# Computers and landmarks: expt help!



## Hex (Aug 26, 2013)

Hi guys,

I've got an experiment to advertise for the project I'm working on just now. It's about how people identify landmarks, and you could win £50 (yey!). More likely, though, you'll get to look at pretty pictures of Edinburgh and help me (and the Greater Good/ Science/ the process of making computers understand us better so they can take over the world).

Anyway, any help most appreciated. I'll stop babbling now and give you the link:

http://bit.ly/1doRvVR


----------



## Dozmonic (Aug 26, 2013)

Internal server error 500 on there at the moment


----------



## Ursa major (Aug 26, 2013)

The link and the link to the second page have just worked for me.


----------



## Hex (Aug 26, 2013)

Thanks 

I have told the clever technical man.


----------



## Jo Zebedee (Aug 26, 2013)

I managed to do it all. It did not make me more inclined to visit Edinburgh. Pretty boring. Sorry, Hex.


----------



## Hex (Aug 26, 2013)

I fear these experiment things can be -- it's so we get enough data to give us super powers (or power, or something). 

However, you don't have to do all the photos, you can do as many as you feel like and then stop, so you can stop when you get bored and don't need to carry on to the end.

Also -- hey! I thought you were my friend.

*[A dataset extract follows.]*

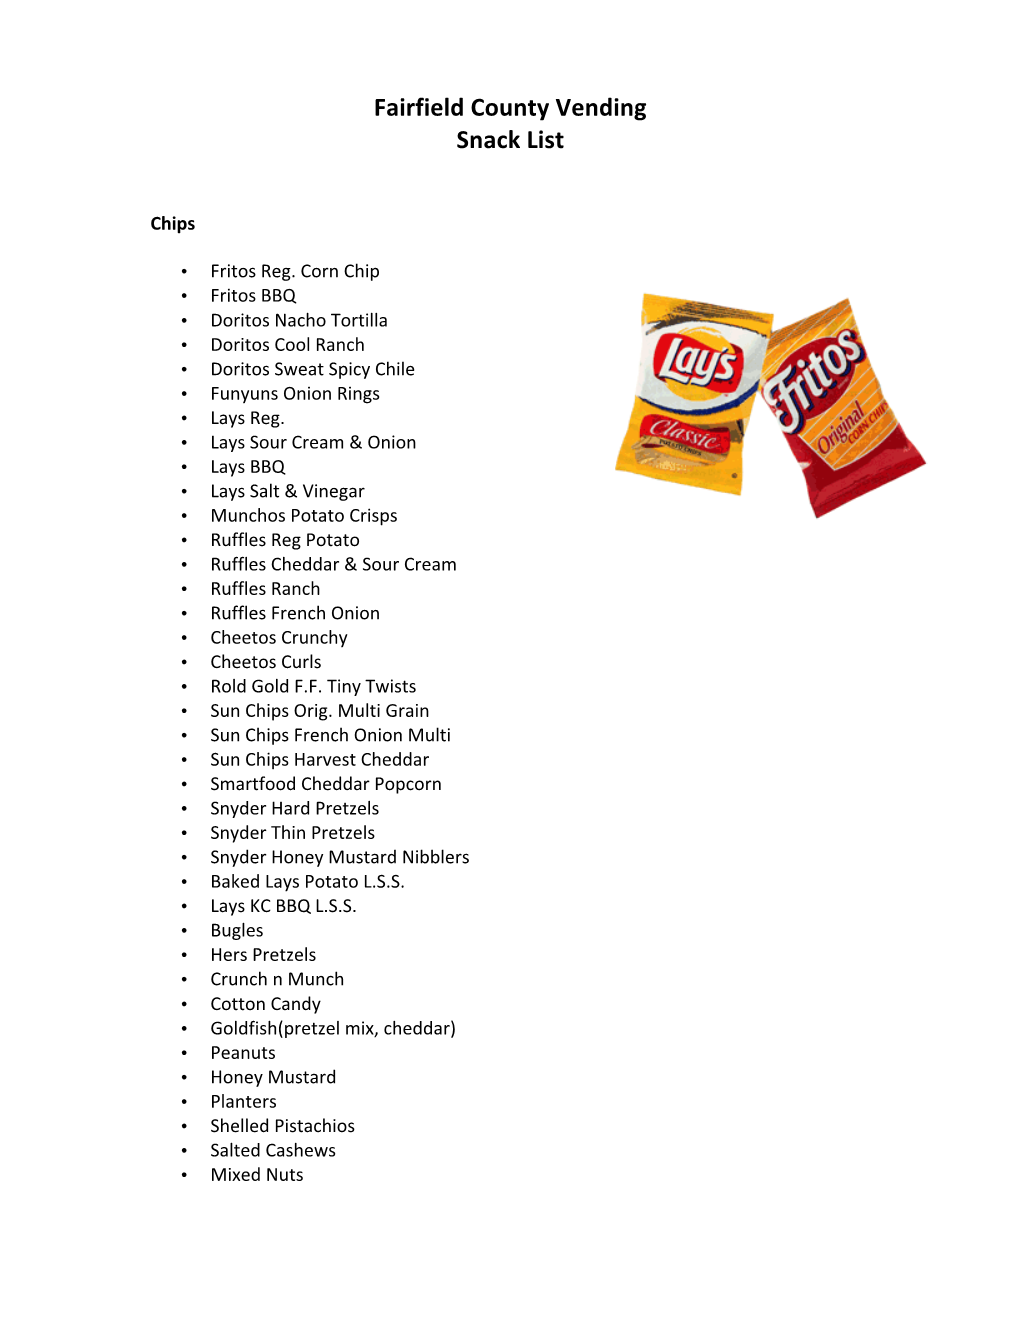 Fairfield County Vending Snack List

Don't tell everyone it's boring or they won't go and look at it and I won't get another job when this one finishes at Christmas


----------



## Jo Zebedee (Aug 26, 2013)

The fifty quid inducement relieved the boredom.


----------



## Ursa major (Aug 26, 2013)

It failed (server error) on the first real example. I probably don't have Javascript enabled.

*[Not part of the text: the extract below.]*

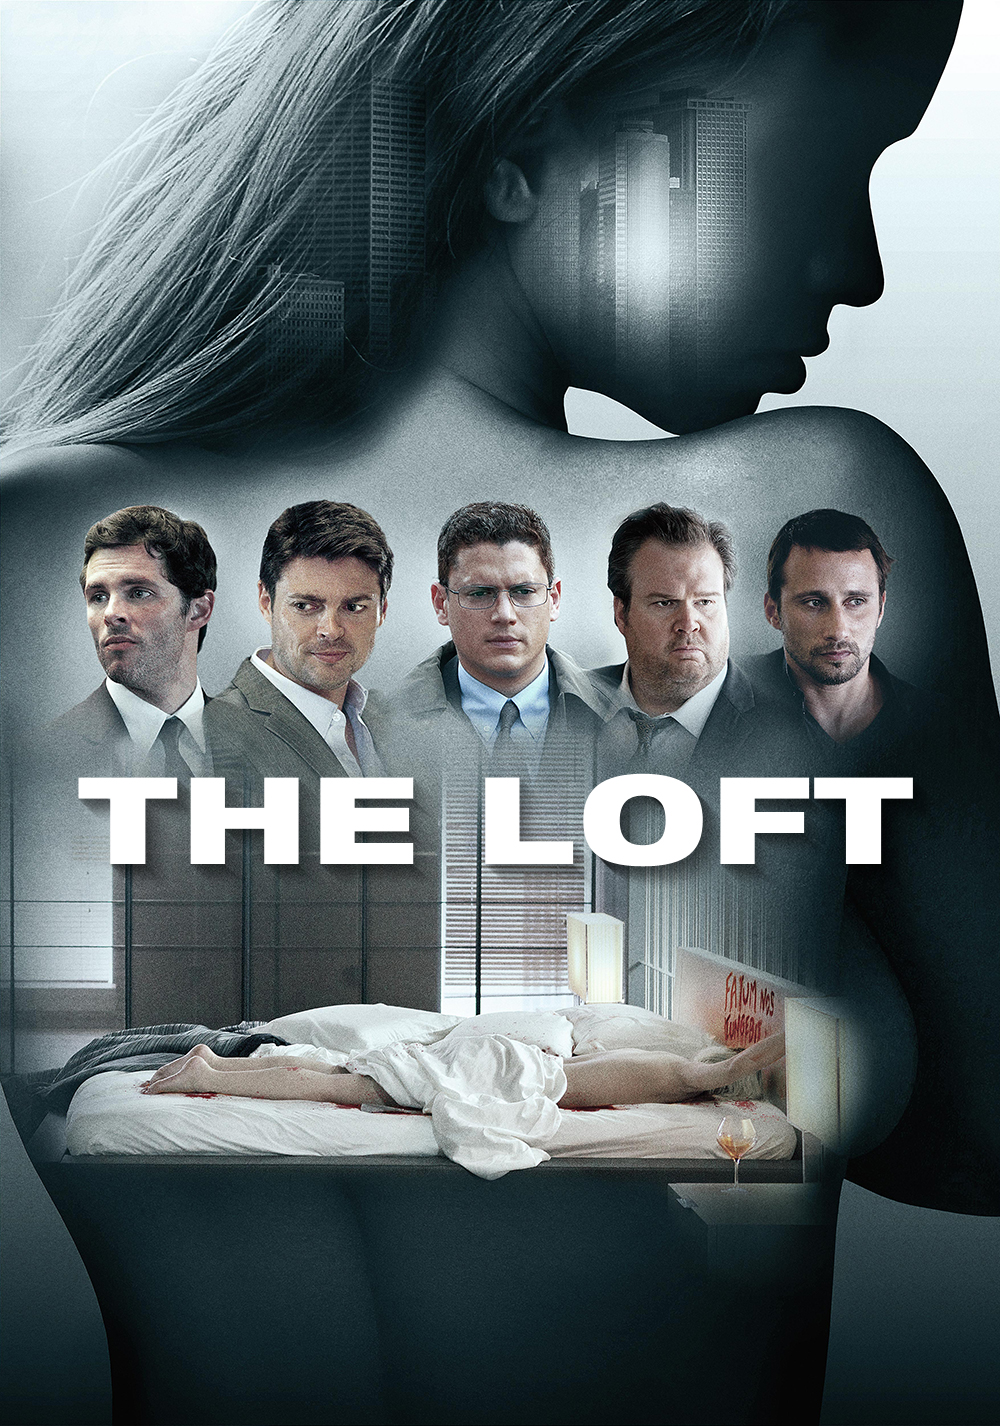 The Loft - Ispita (2014)

(But as I hadn't applied to be put in the draw for the £50, I'm not too unhappy.)


----------



## Hex (Aug 26, 2013)

Not having javascript enabled will mean it doesn't work (as you know from the bit at the start!). Thanks for looking, though


----------



## Ursa major (Aug 26, 2013)

I don't know either way, and couldn't be bothered to check. The dry run example worked okay, including putting the landmarks in order, but I suppose the Java script is only used for the collection of the data for the experiment ( a guess based on where the failure occured, on Submit on the first real experimental example).

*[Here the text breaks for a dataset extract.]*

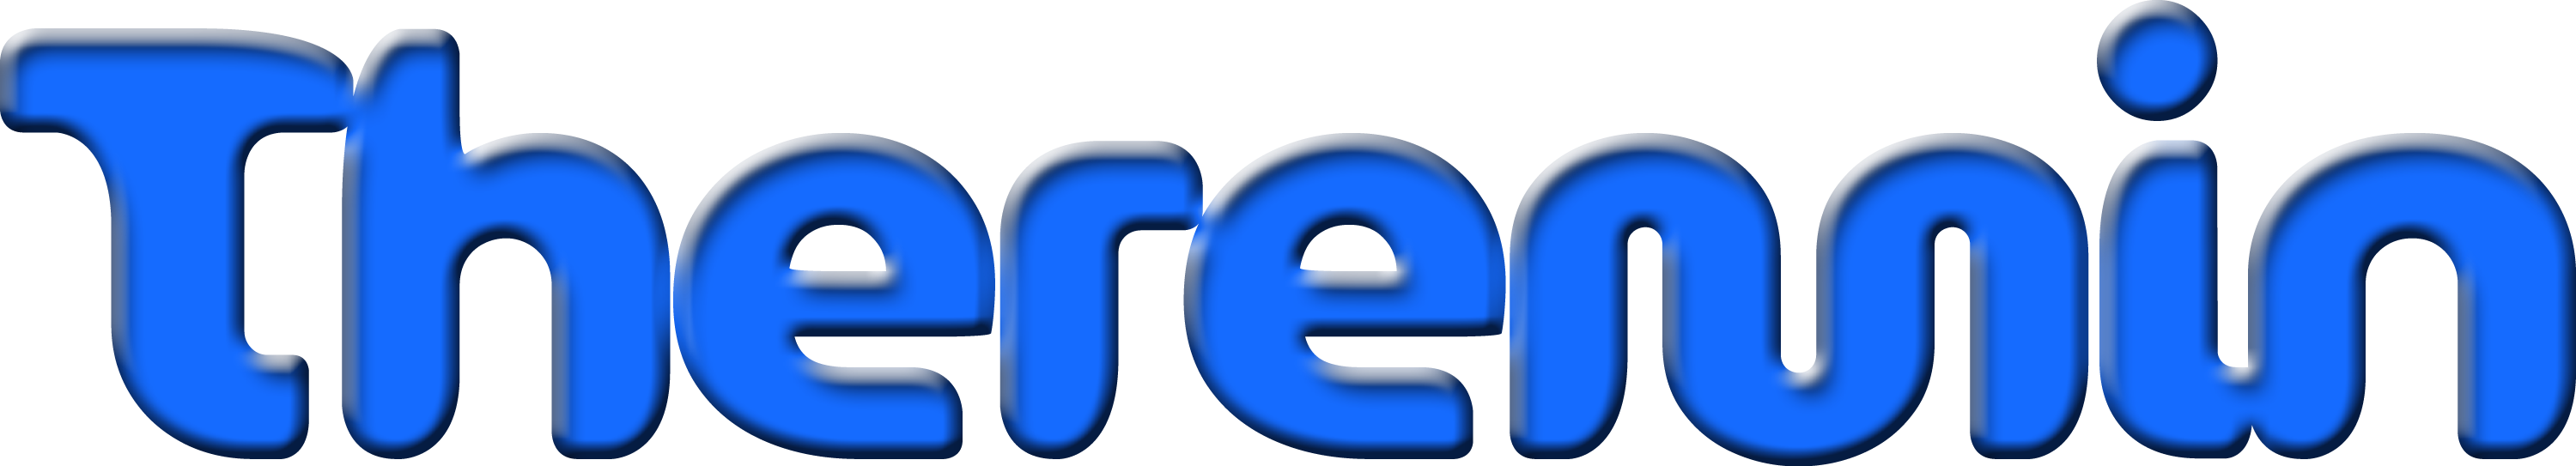 Theremin logo

*EDIT*: I seem to have active scripting enabled in IE9.


----------



## Mouse (Aug 26, 2013)

K, I did them all. Not entirely sure my answers are helpful, mind. Didn't know what anything was, so described it. And, well, you know my powers of description...


----------



## Jo Zebedee (Aug 26, 2013)

Mine consisted of: 
Spire
Large building
Plinth.


----------



## Mouse (Aug 26, 2013)

Mine was 'spire' 'man on horse' 'some sort of church'.


----------



## HareBrain (Aug 26, 2013)

Sorry, went on too long, so I did ten images. Also, I'm not sure I really understood what it wanted or what the point was. And I got a bit frustrated having to describe so many things as "copper dome" or "spire".


----------



## Dave (Aug 26, 2013)

Well, I did see Dr. Who's Tardis in one of them.


----------



## Ursa major (Aug 26, 2013)

Man on horse?

I can now see why I was thrown off: I wrote "equestrian statue". (And I thought Edinburgh was meant to be a bit posh, in parts.)


----------



## Mouse (Aug 26, 2013)

Dave said:


> Well, I did see Dr. Who's Tardis in one of them.



Ha! I actually tagged it as the Tardis.


----------



## Hex (Aug 26, 2013)

Thank you 

What were you asked to do, person who didn't understand (HB?)? Did you get the one about helping someone find their way around? 

And 10 is great (24 even better -- thanks, Mouse)


----------



## HareBrain (Aug 26, 2013)

Hex said:


> What were you asked to do, person who didn't understand (HB?)? Did you get the one about helping someone find their way around?



As far as I noticed, it was just to tag the landmarks and rank them. But the same landmarks kept appearing in different pictures (though there were also new ones), and I'm sure pic#11 was exactly the same as an earlier one, so I quit there.


----------



## Mouse (Aug 26, 2013)

Hex said:


> Did you get the one about helping someone find their way around?



I didn't see that. But to be fair, I didn't read the instructions.  



> And 10 is great (24 even better -- thanks, Mouse)



You're welcome. Is it sad that I actually found it quite fun?!


----------



## Dave (Aug 26, 2013)

Mouse said:


> Ha! I actually tagged it as the Tardis.



I did too! 

So, imagine when Hex has to explain the strange answers to the boss - "Well, its that Chronicles crowd, you see. They just have a heightened imagination!"


----------



## Jo Zebedee (Aug 26, 2013)

Poor Hex. I did 24. I had the liberator (HB's dome), a space horticultural plant, and one of the towers of Minas Tirith. Or, I would if I'd thought of it! Hex, can I do it again?


----------



## alchemist (Aug 26, 2013)

Well, this brings back memories of my holidays, two weeks ago!

No award for being able to spot the national gallery from a distance?


----------